**Work to be completed**
Each line of the listing, apart from the pictures, is to be printed exactly.

**Data to use**
########################################

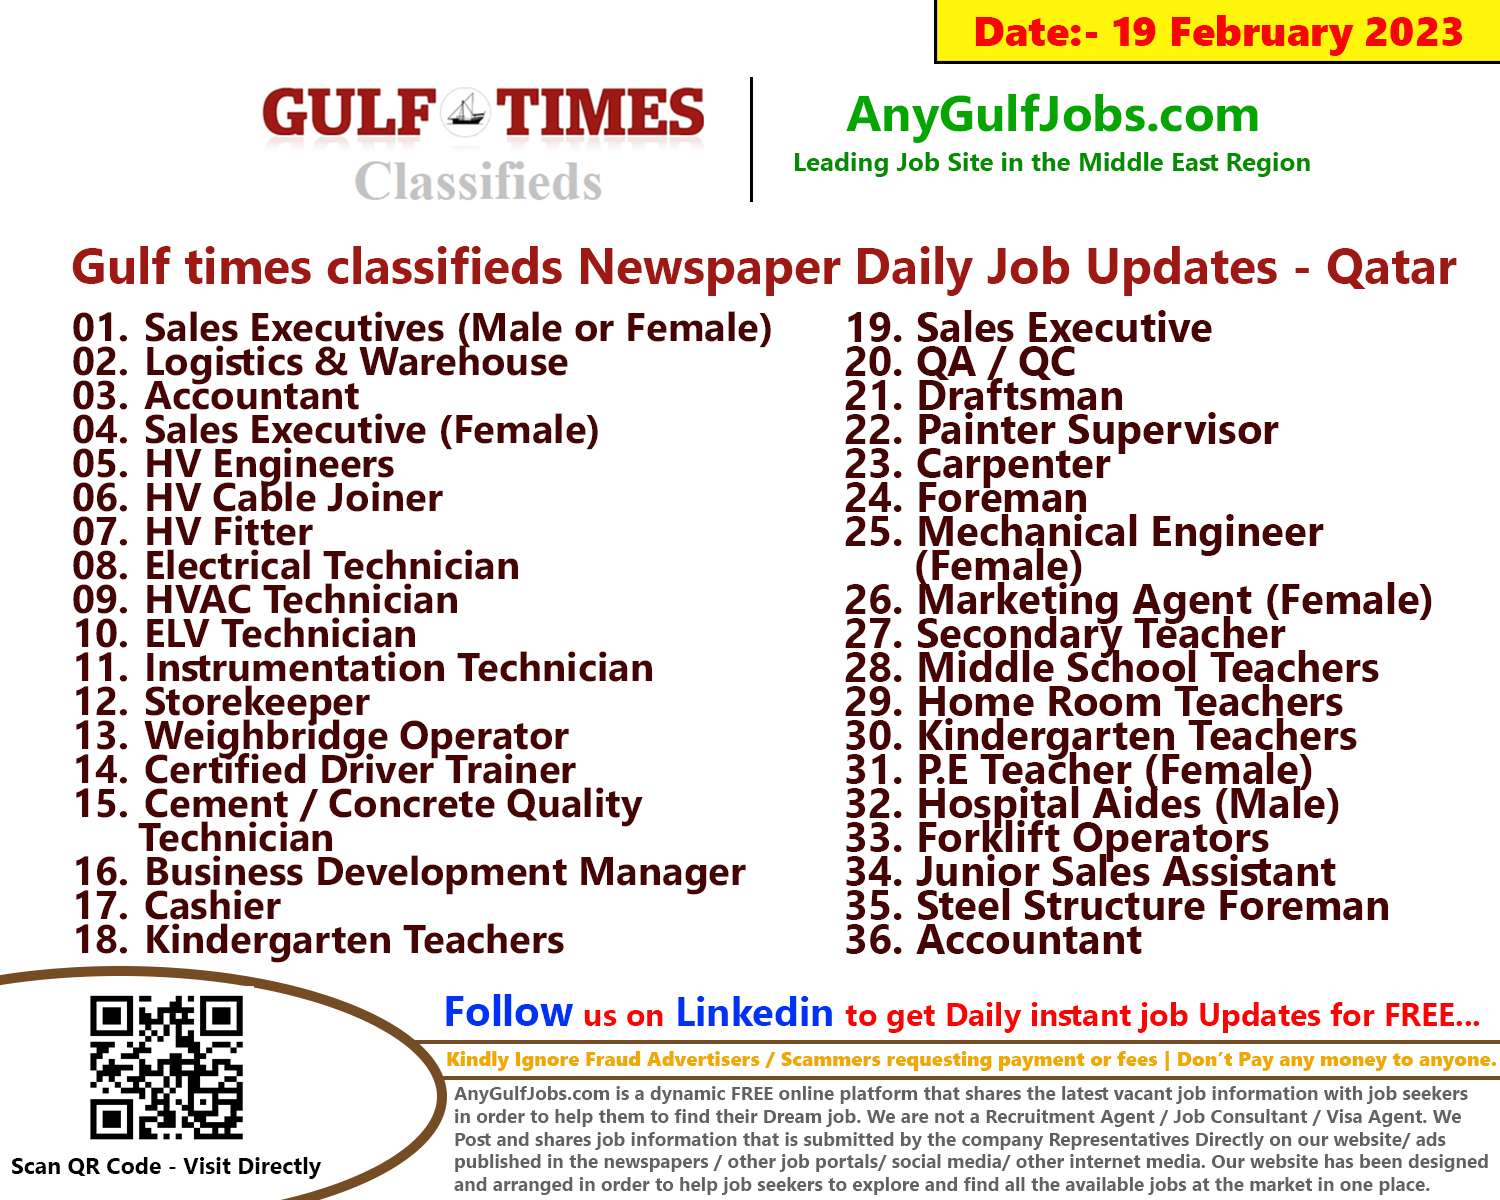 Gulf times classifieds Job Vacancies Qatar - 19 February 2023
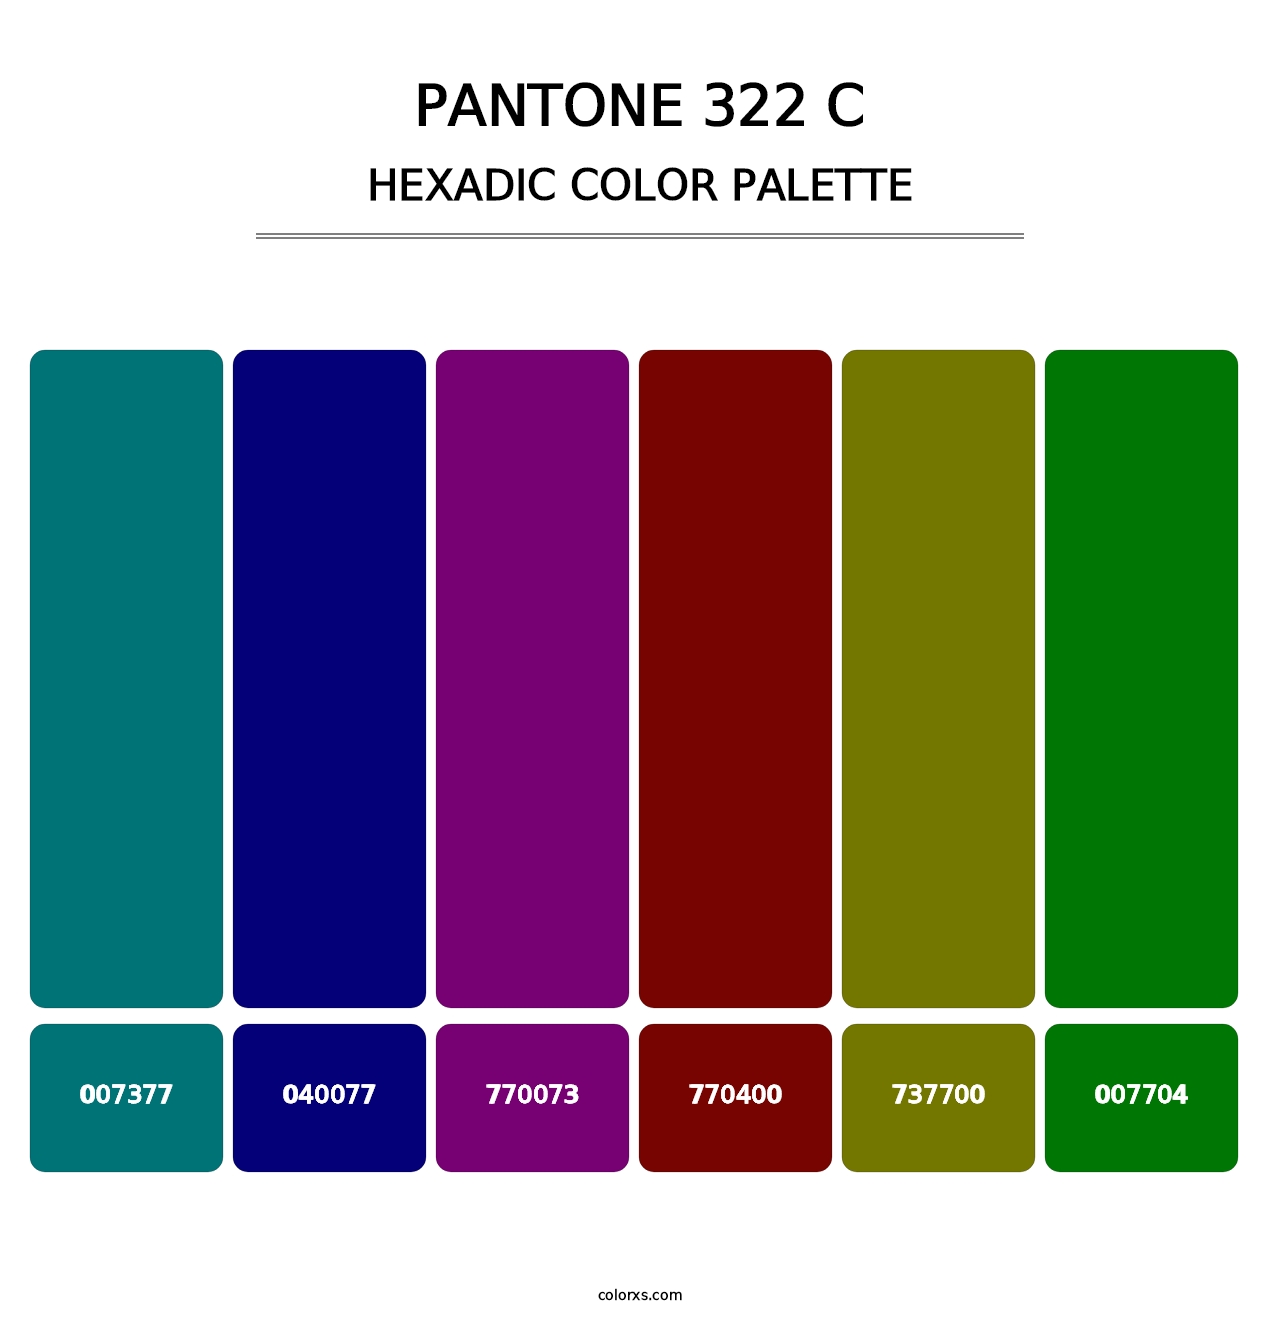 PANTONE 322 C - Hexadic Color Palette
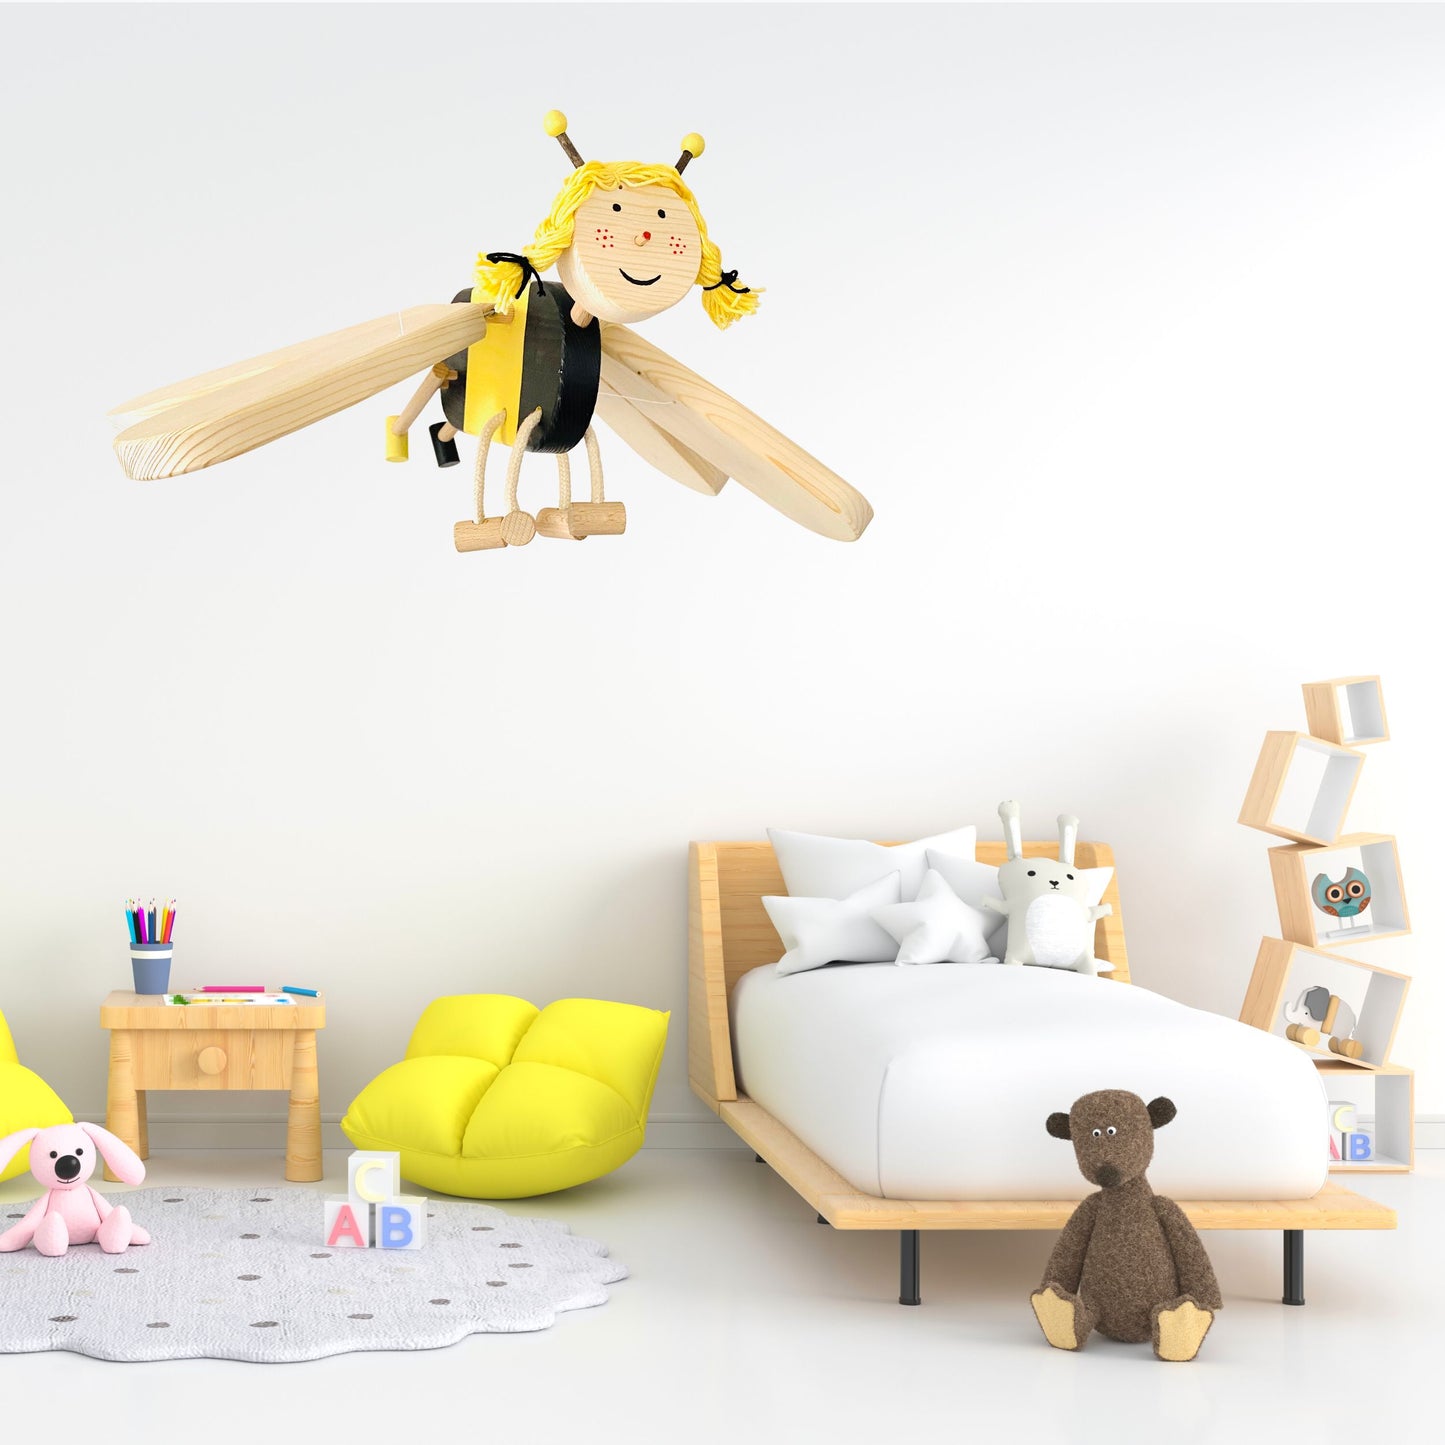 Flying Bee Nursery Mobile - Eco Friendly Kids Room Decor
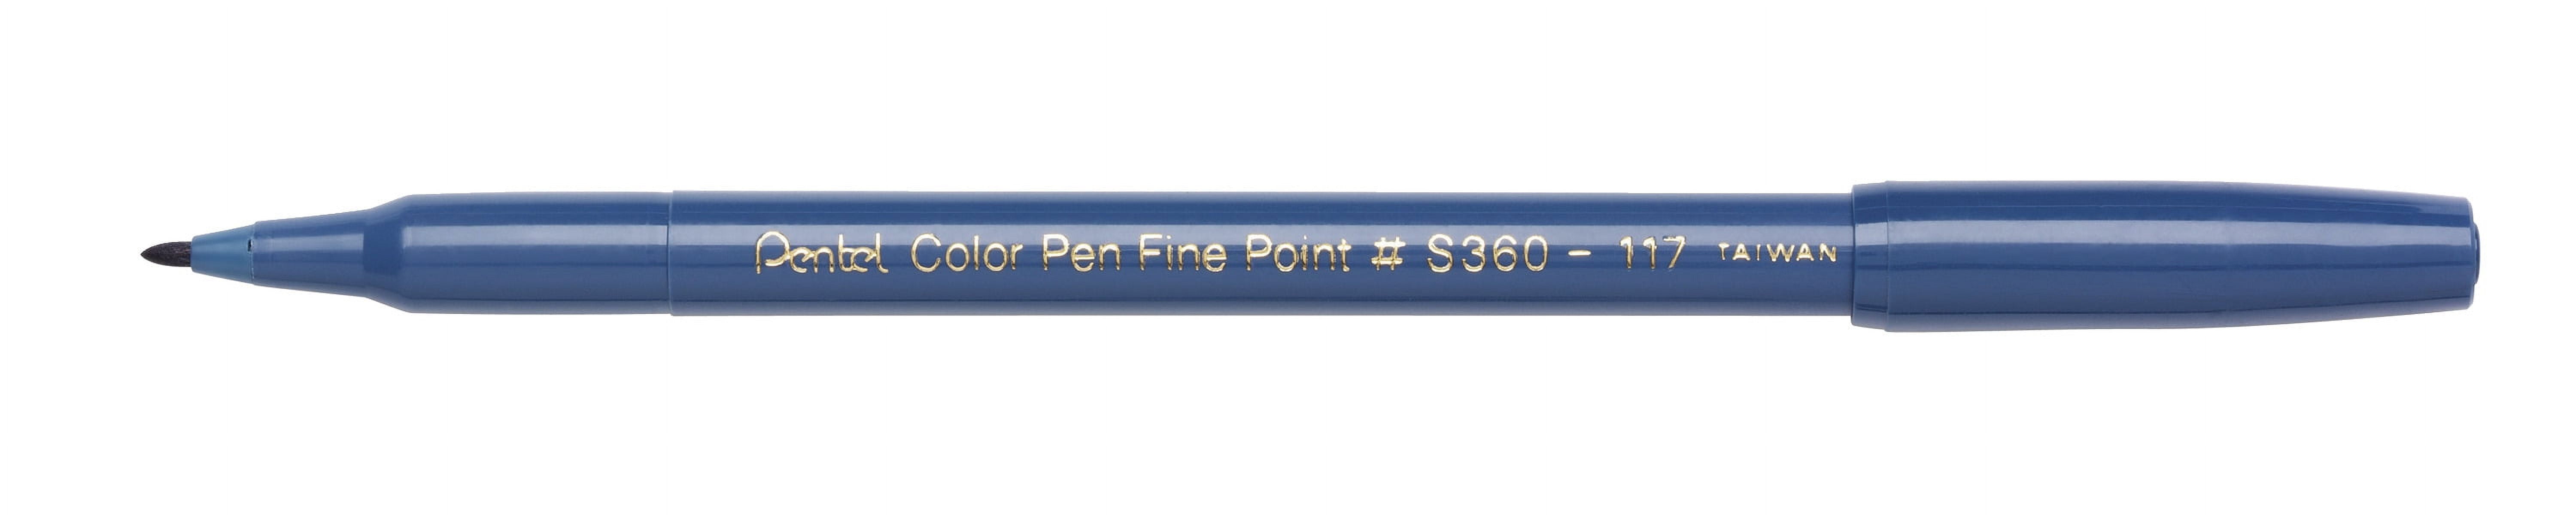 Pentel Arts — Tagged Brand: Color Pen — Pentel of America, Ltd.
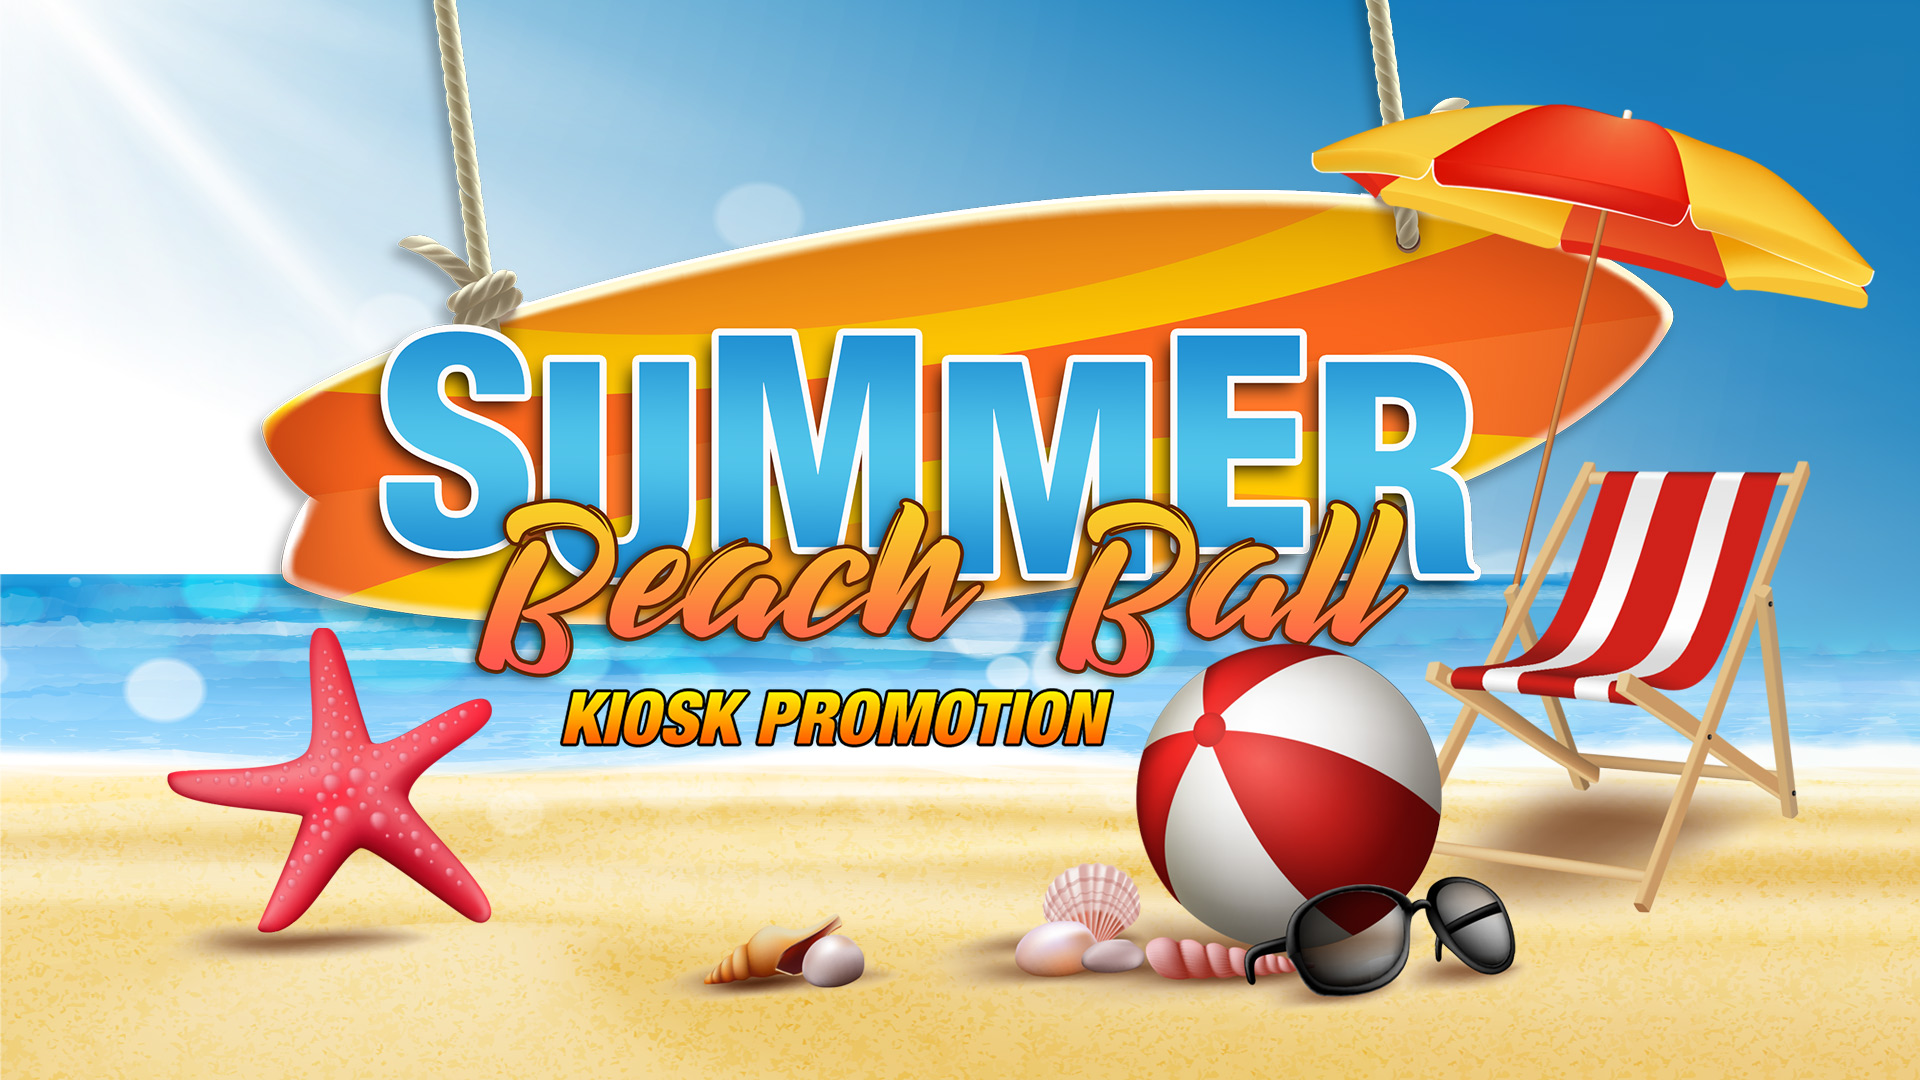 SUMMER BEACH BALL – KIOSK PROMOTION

########################################

**Response below**
 Gulf times classifieds Job Vacancies Qatar - 19 February 2023
 PANTONE 322 C - Hexadic Color Palette
 Flying Bee Nursery Mobile - Eco Friendly Kids Room Decor
 Pentel Arts — Tagged Brand: Color Pen — Pentel of America, Ltd.
 SUMMER BEACH BALL – KIOSK PROMOTION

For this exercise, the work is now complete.